Although the differentiation between delayed and deviant development remains clinically challenging in the first 2 years of life, inter-rater reliability for the distinction between ASD and non-ASD tend to be good to excellent (Van Daalen et al. 2009). Mahoney et al. (1998) found that experienced clinicians could reliably differentiate those with and without ASD (κ = 0.67). This result is consistent with the DSM-IV autism field trial (Klin et al. 2000) which reported an excellent inter-rater reliability (κ = 0.95) for the distinction between AD and non-PDD diagnoses. More recently, Van Daalen et al. (2009) found a good agreement between psychiatrists (κ = 0.74) for the distinction between ASD and non-ASD in 2-year-old children. The finer distinction between ASD subtypes, especially AD and PDD-NOS, seems more problematic with authors consistently reporting lower inter-rater agreements: κ = 0.18 (Mahoney et al. 1998); κ = 0.65 (Klin et al. 2000); κ = 0.51 (Van Daalen et al. 2009). These values are consistent with Witwer and Lecavalier (2008) who concluded that clinicians and researchers were not able to discriminate the three ASD subtypes based on the current DSM criteria. In addition to these observations on the inter-rater reliability of the PDD-NOS diagnosis, concerns have been raised about its predictive validity. While several studies have reported high stability levels for AD when diagnosed at age 2 (Lord 1995; Cox et al. 1999; Moore and Goodson 2003; Charman et al. 2005), lower stability has been observed for PDD-NOS (Cox et al. 1999). Walker et al. (2004) suggested that these results originate in the inability to accurately diagnosed PDD-NOS with current autism assessment instruments and the ambiguous DSM-IV-TR conceptualization.

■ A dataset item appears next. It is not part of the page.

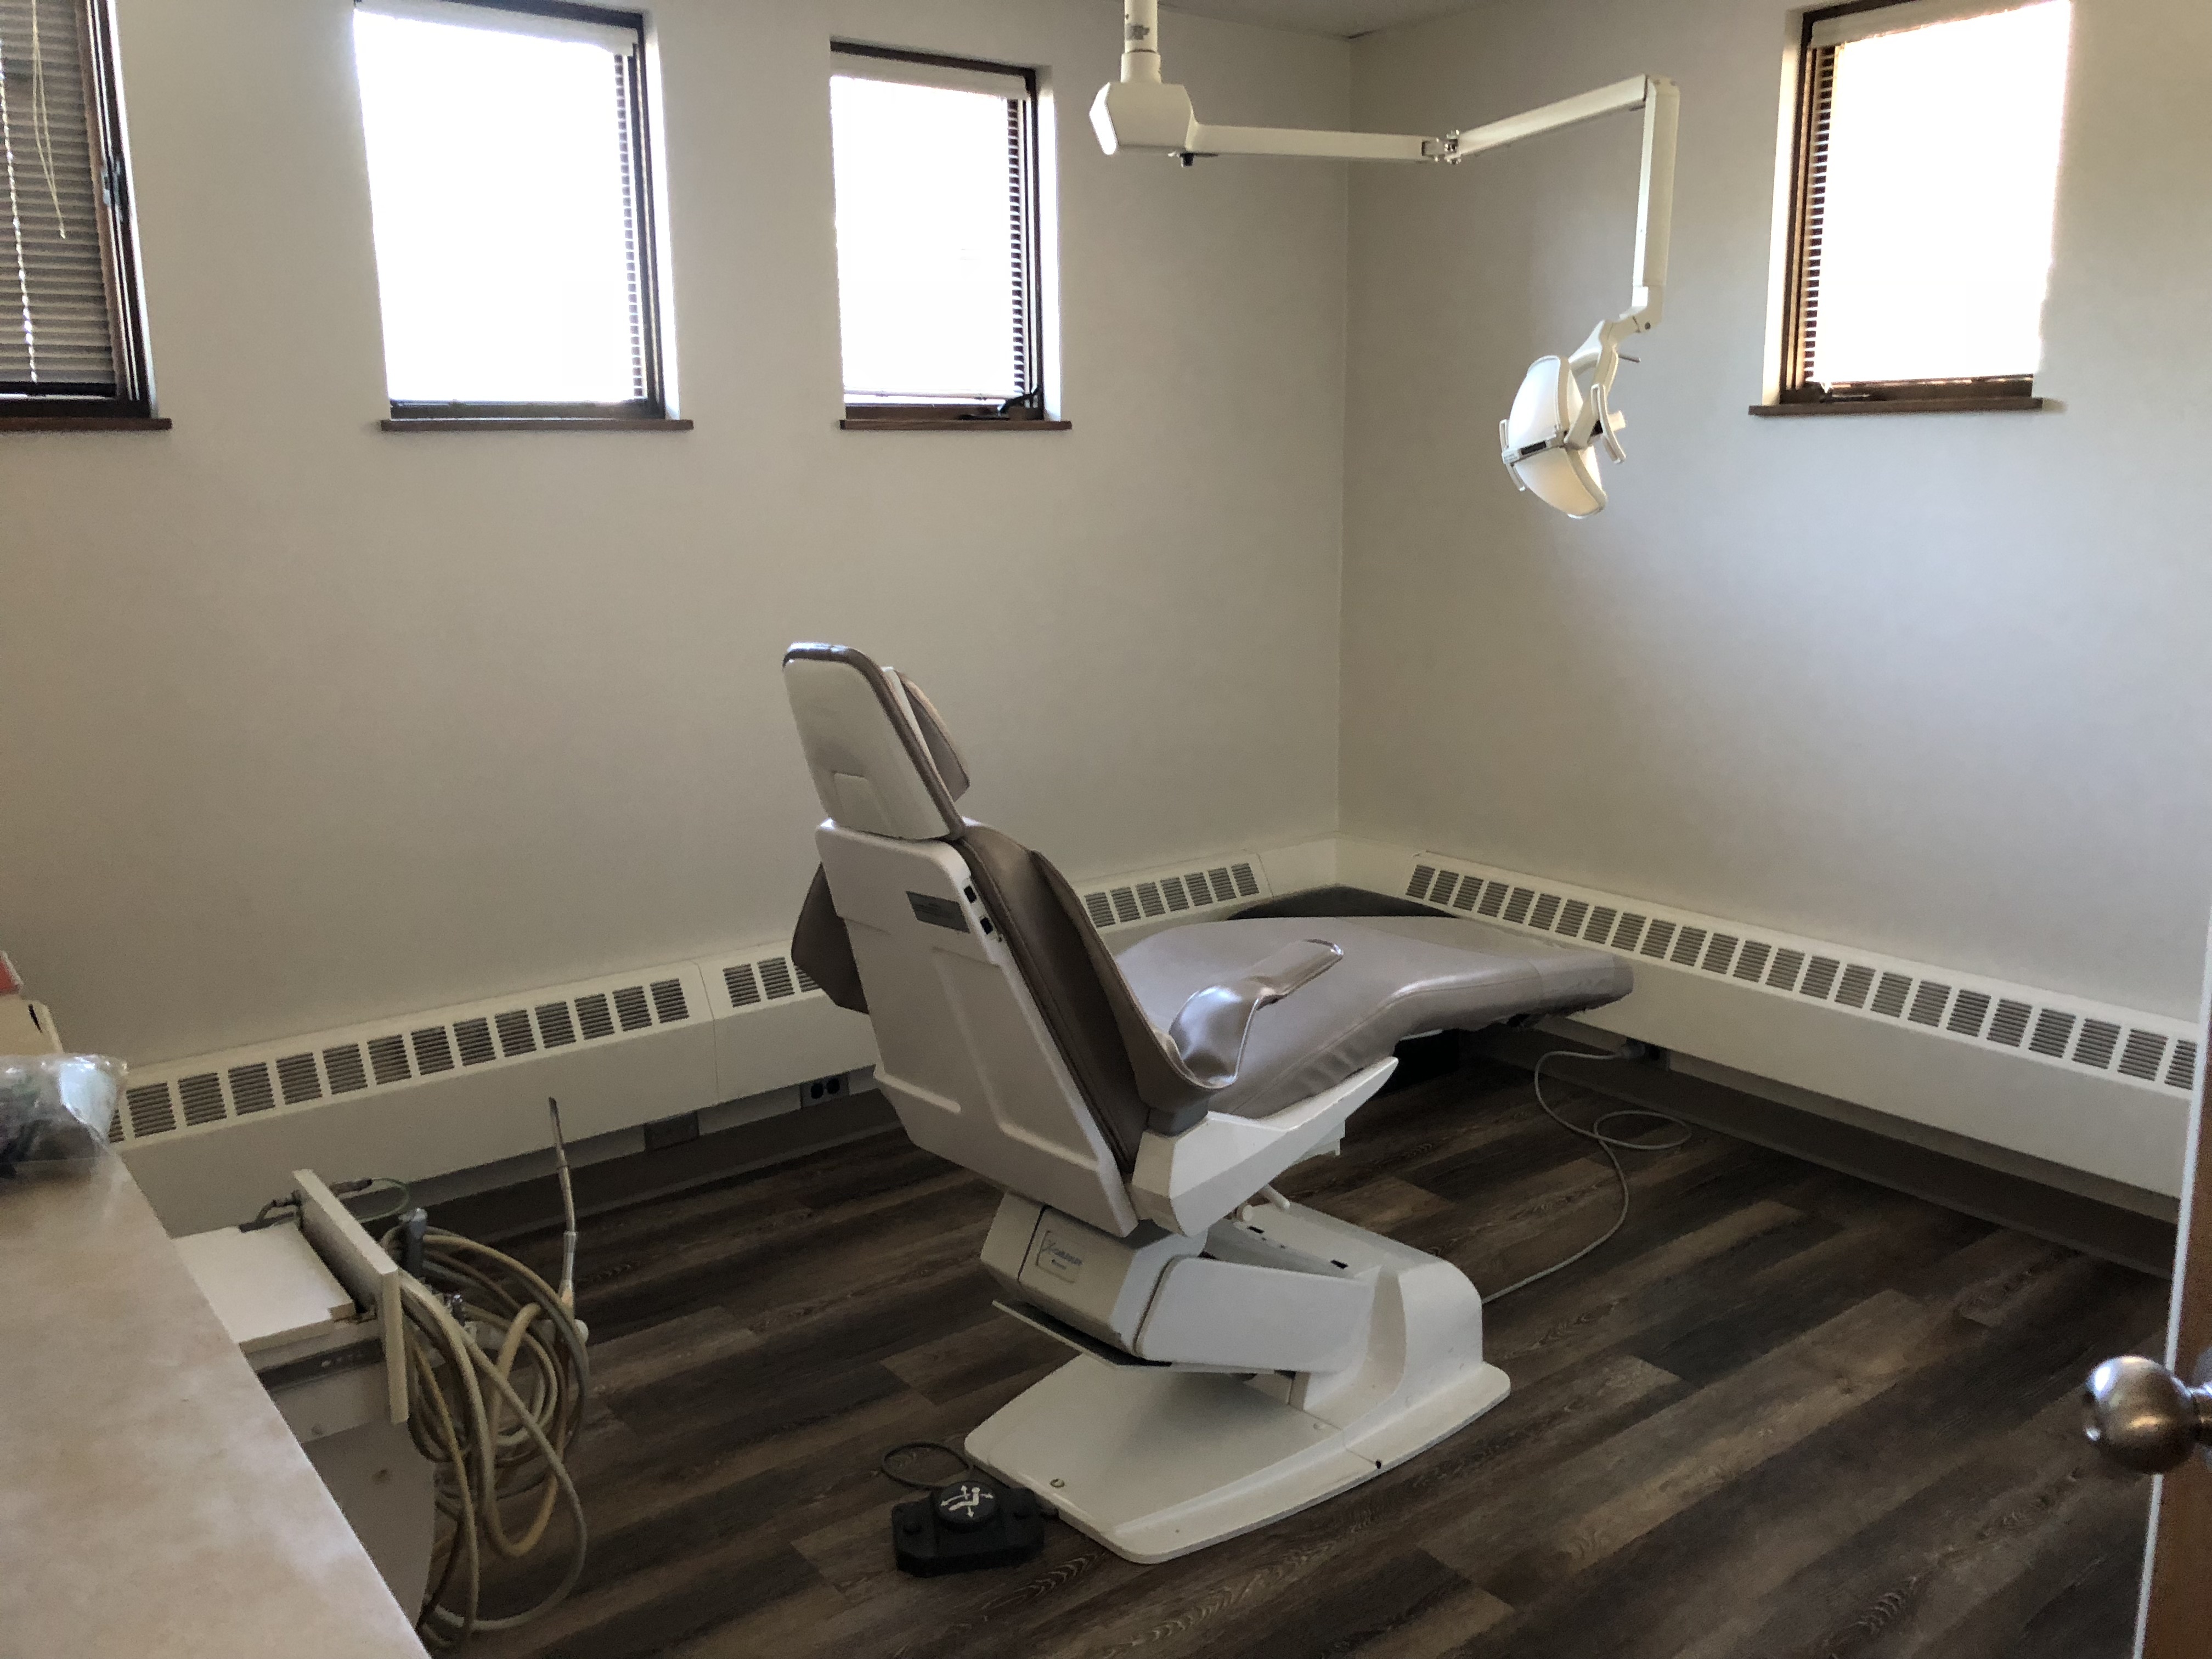 Newly listed: 2,384 S.F. TURNKEY MEDICAL/DENTAL SUITE

In order to reinforce the reliability and validity of the diagnostic categories, a number of standardised instruments including the Autism Diagnostic Observation Schedule (ADOS) and the Autism Diagnostic Interview-Revised (ADI-R) have been developed over the past years. The ADOS is a standardised diagnostic instrument which provides a direct observation of the child in different domains: social interactions, communication, play and imagination, and stereotyped behaviours. Each domain has cut-off scores for classification, and the scores for the first two domains are totalled to provide a summary score. Children can be classified as autistic, PDD-NOS or non-autistic (Lord et al. 1999). The ADI-R is a clinician-based parent interview that evaluates the child’s communication, social development, play and restricted, repetitive and stereotyped behaviours. Children can be classified as autistic or non-autistic (Lord et al. 1994). Diagnostic evaluation relies mostly on the clinical presentation around 4–5 years of age. Thus the utility of using this instrument in very young children has been questioned (Charman and Baird 2002). Another disadvantage about the use of ADI-R is that there is no scoring algorithm for PDD-NOS or AS (Scahill 2005). Despite the development of these empirically validated diagnostic instruments, clinical judgment by experienced clinicians remains the gold standard for an ASD diagnosis, especially in very young children (Charman and Baird 2002). In regards to those limitations, standard diagnostic instruments should be used with caution.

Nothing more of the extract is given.